Кто, как, почему разделил писателей на различные категории, каковы критерии успеха нового времени, как это влияет на современную ситуацию в литературе, об этом мы еще поговорим, а пока ограничимся утверждением, что все произошедшее в определенном смысле справедливо и вполне естественно. За исключением одного обстоятельства: существование «истеблишмента» неукоснительно требует наличия еще одного полноценного члена пропорции, полюса противостояния, а именно андеграунда. А его (и это придает ситуации уникальность) в современной российской литературе как бы нет. Или, точнее, он не существен.
Андеграунд — это отнюдь не изобретение советской эпохи. Другое дело, что в Европе андеграунд долгое время был известен под именем богемы. Более того, как уверяет в своей статье М. Ямпольский, разбирая ход литературного процесса в разных странах за несколько веков, появление «богемы» (или андеграунда) связано со способом достижения «легитимности» (читай — признания) художника или писателя в европейской культуре нового времени в противовес той «легитимности», которой художника или писателя наделяет «истеблишмент».
Все очень просто. Богема не принимает истеблишмента. И создает механизм поддержки тех художников или писателей, которые по разным причинам противопоставляют себя обществу и его оценкам. Прежде всего коммерческому эквиваленту творчества, моде, обеспечивающей высокую цену произведениям искусства (а это и есть главный критерий истеблишмента).

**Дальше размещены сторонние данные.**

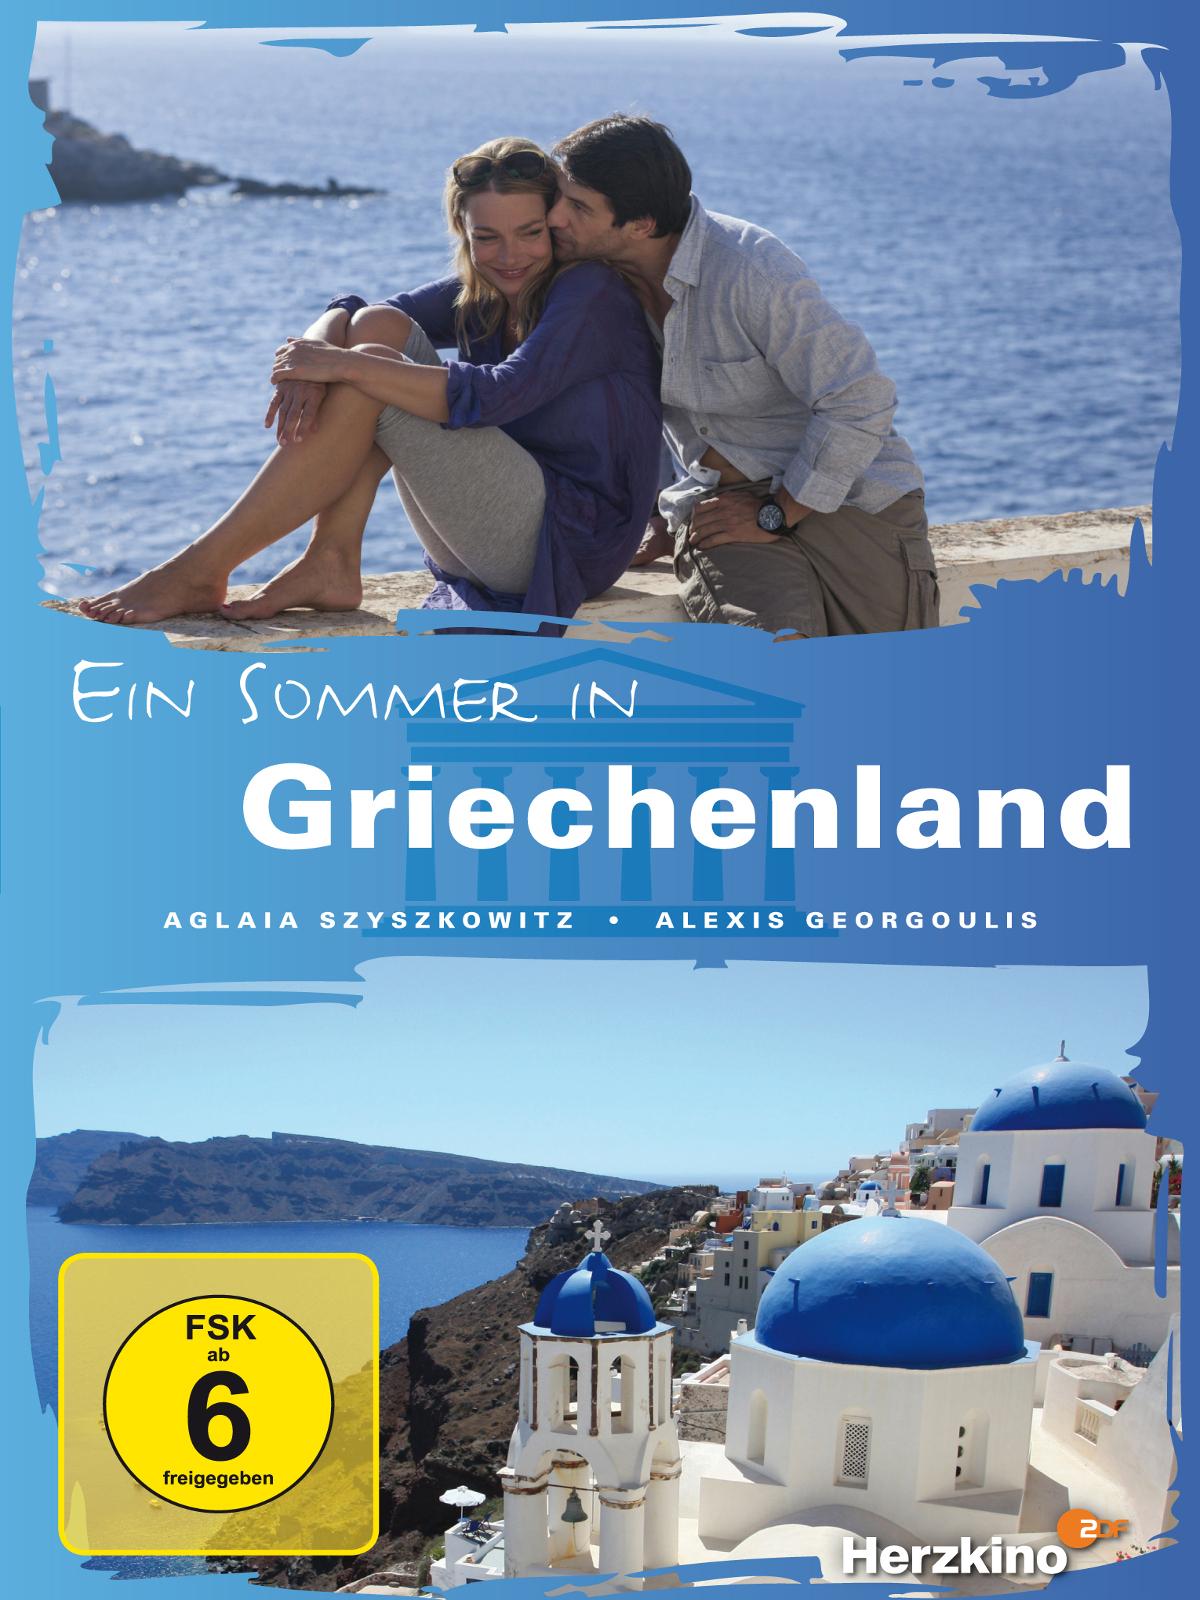 Film Griechenland

Другое дело, что наш андеграунд, так называемая «вторая культура», «неофициальное искусство», «подпольная литература», носил характер не столько протеста против коммерческого искусства, сколько эстетического и политического неприятия советского официоза. И именно в качестве диссидентского искусства андеграунд был поддержан Западом, как сила, противостоящая несвободе тоталитарного строя и тоталитарного искусства.
То, что мы называем андеграундом, являлось областью пересечения интересов множества «референтных групп» прежде всего Москвы и Ленинграда, а также Свердловска, Саратова или, скажем, Ейска, где в 70–80-е годы неожиданно расцвел классический авангард 20-х годов в духе Крученых, заумников и т. п. Андеграунд и был обобщенным «гамбургским счетом», некоей не сводимой к одному знаменателю суммой частных, приватных эстетических пристрастий, которые от этого суммирования не теряли своей самостоятельности. Потому что суммирование шло не в пространстве, а во времени. Скажем, поклонник поэзии Леонида Аронзона мог в конце 60-х прийти на чтение Иосифа Бродского, что отнюдь не означало, что стихи Бродского нравятся ему больше стихов Аронзона, но после самоубийства Аронзона в 1970 году его «референтная группа» стала распадаться, в то время как число почитателей Бродского только росло.

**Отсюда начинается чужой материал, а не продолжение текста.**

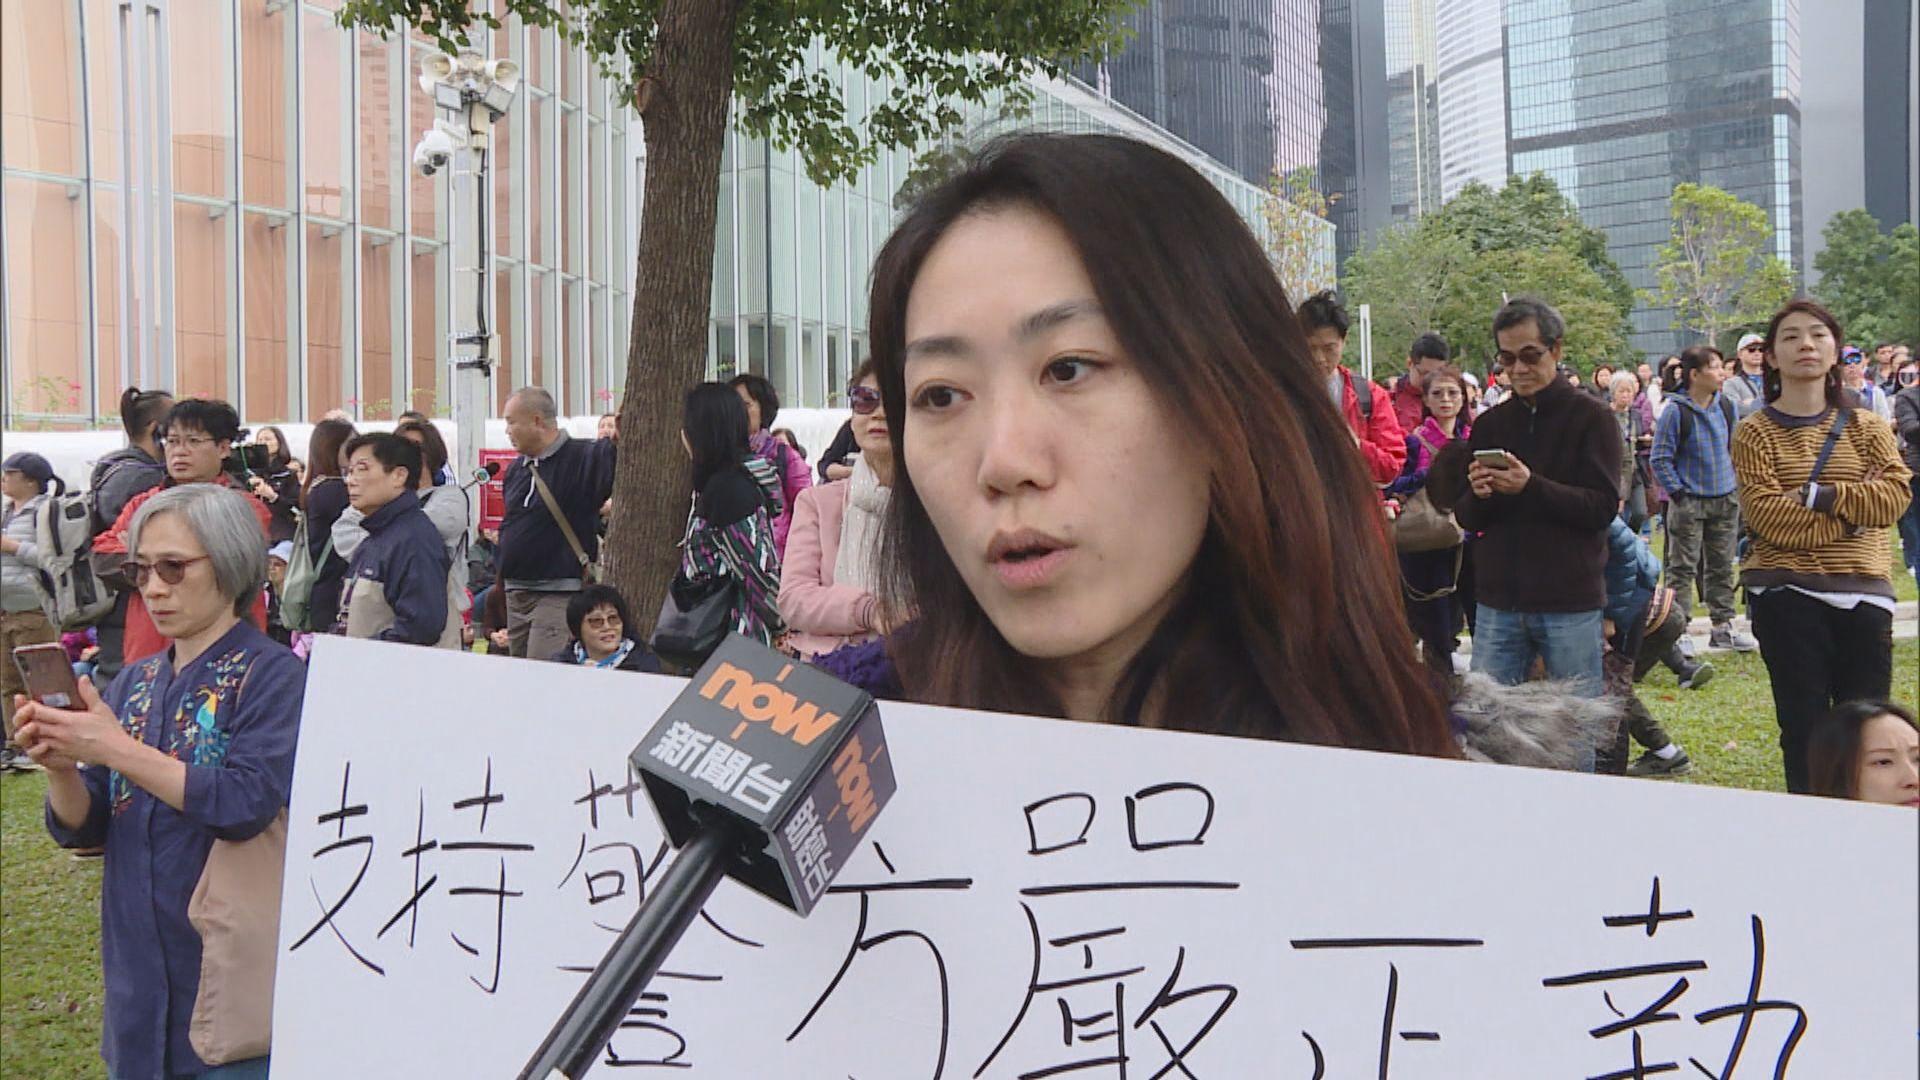 添馬公園控訴暴力集會 有參加者指不敢街上發表撐警言論

Вообще говоря, обретение богемным художником или поэтом славы или известности, выходящей за пределы его «референтной группы», — нормальное явление, доказывающее, кстати, благотворность для общества существования такого образования, как андеграунд. Но сама смена статуса определенного эстетического направления служит обычно сигналом структурной перестройки литературного пространства, так как у истеблишмента и андеграунда разные способы существования и разные критерии оценки. Еще раз повторим: принципиально групповые, внутренние, как бы чисто литературные («гамбургский счет») — у богемы и обобщенно-объективные, сводимые к набору количественных показателей (а в конце концов, и к коммерческому эквиваленту) признания — у истеблишмента.
3
Что такое слава сегодня, когда уже нельзя проснуться знаменитым, опубликовав повесть или роман в «Новом мире» или «Октябре»? И дело даже не в том, что эти журналы — анахронизм советской поры и давно бы прекратили свое существование, кабы не государственная и спонсорская поддержка. А в том, что эти журналы уже не обладают функцией легитимации. Журналы уже не «делают писателей» — это типографский самиздат, интересный в основном кругу печатающихся в них авторов и пишущих об этих авторах критиков. Да, вместе с несколькими независимыми издательствами, журналами и альманахами они представляют почти всю реальную литературу. В некотором смысле вся бывшая советская литературная система — это современный аналог андеграунда, но без функций легитимации. Здесь есть свои кумиры, своя мода, свои эстетические привязанности, своя литературная борьба, свои премии (скажем, «Букер» и «Антибукер»), но они именно представляют, регистрируют, обозначают, а славу, успех сегодня обеспечивает совсем другое.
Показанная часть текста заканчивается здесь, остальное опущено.